How can i import new camera profiles? I have tried everything, this is the location where i place them; _Mac—Macintosh HD / Users / [your username] / Library / Application Support / Adobe / CameraRaw / CameraProfiles /. _But when i restart Lightroom my new profiles aren't there, is there anyone who can help me?

Thanks,

Joey


----------



## Jim Wilde (Jun 16, 2014)

Hi, welcome to the forum.

That's the correct location for storing custom camera profiles, so a couple of questions. Are they in a sub-folder inside the CameraProfiles folder (they shouldn't be)? When you say "the new profiles aren't there", where exactly do you mean? And can you confirm you are working with Raw files?


----------



## ItsJoey (Jun 16, 2014)

Hi Jim,

Yes, they are RAW files and they are not in a sub-folder inside the CameraProfiles folder... So, when I restart Lightroom again I can't see them right here;







Do you know what is going wrong? 

Thanks,

Joey


----------



## Denis de Gannes (Jun 16, 2014)

Are the camera profiles specific to your camera model? They are the only ones that will be displayed.


----------



## ItsJoey (Jun 16, 2014)

No, they are not. I edit photos for other photographers. But now i have to change a camera profile for a 5D Mark III. How and where can i change the profile for this camera? :O


----------



## Denis de Gannes (Jun 17, 2014)

If out have a raw file selected from the 5D Mark 111 then the ones you see like your screen shot shows are *specific* for this camera. 

Adobe creates profiles for each and every camera model supported the names are just the same. 


ItsJoey said:


> Hi Jim,
> 
> Yes, they are RAW files and they are not in a sub-folder inside the CameraProfiles folder... So, when I restart Lightroom again I can't see them right here;
> 
> ...


----------



## ItsJoey (Jun 17, 2014)

True, but I want to add a new profile, it's a Kodak profile.
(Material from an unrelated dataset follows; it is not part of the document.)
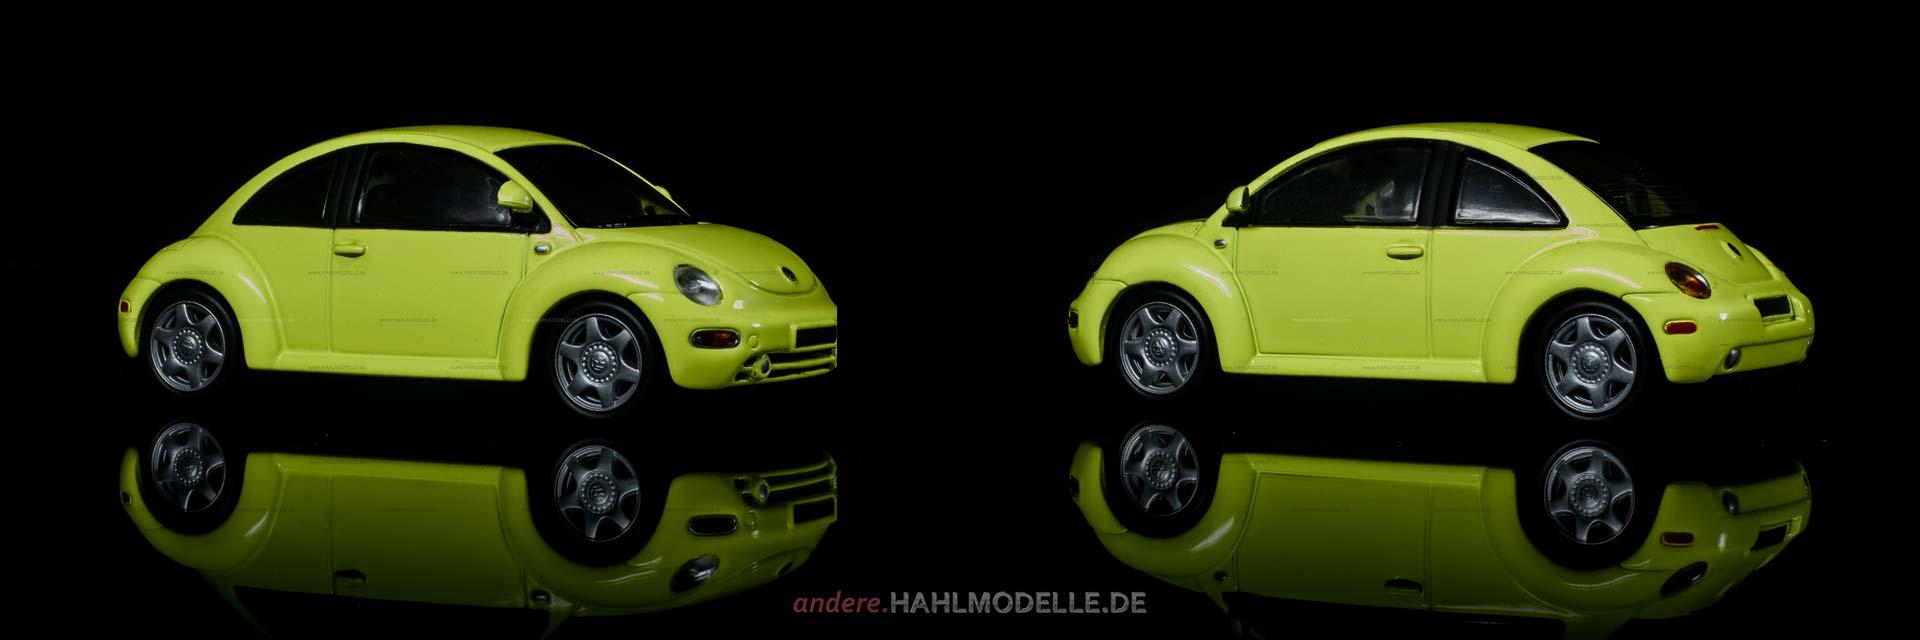 Volkswagen New Beetle (Typ 9c) | Limousine | Ixo (Del Prado Car Collection) | 1:43 | www.andere.hahlmodelle.de

Do you know how that works?


----------



## Jim Wilde (Jun 17, 2014)

You can't add a Kodak profile and then expect to use it on a 5D3 photo. As Denis said, ALL profiles (either Lightroom or user-supplied) are specific to individual camera models. A newly added Kodak profile will only appear when you open a picture taken with the specific Kodak camera model that matches the camera profile.


----------



## blinder5 (Jun 18, 2014)

where in lr 5.4 can i add a nrw or nikon p340 coolpix profile.
thanks if you can answer Jim.
Blinder5


----------



## apercele79 (Jun 18, 2014)

I use the Fuji XT1 and I have no profiles. Are these profiles just for Canon and Nikon?


----------



## Jim Wilde (Jun 18, 2014)

You should at least have the camera-specific "Adobe Standard" profile (all cameras which Lightroom supports will have one). For some cameras, notably the Canon and Nikon range but also some others, Adobe have attempted to produce additional "picture-style matching" profiles in an attempt to get close to the effect created by using such camera styles.


----------



## apercele79 (Jun 19, 2014)

Yes Jim, you are correct, i see the Adobe Standard profile. It kinda ticked me off bc i learned how to use lightroom from youtube clips and these guys teaching always showed several profiles in their videos, yet the only one i was able to see on mine was adobe standard lol


----------



## Jim Wilde (Jun 19, 2014)

You can always create your own......


----------



## Hal P Anderson (Jun 19, 2014)

I don't know about the XT-1, but the X100S has all the standard Fuji looks in its LR profiles. Have you tried updating to LR 5.5?


----------



## Victoria Bampton (Jun 20, 2014)

Camera emulation profiles for the X-T1 were added in 5.4, so it's update time.


----------



## apercele79 (Jun 20, 2014)

Ok thanks everyone


----------



## apercele79 (Jun 24, 2014)

updated the software last night, and yes the new LR has Fuji profiles now


----------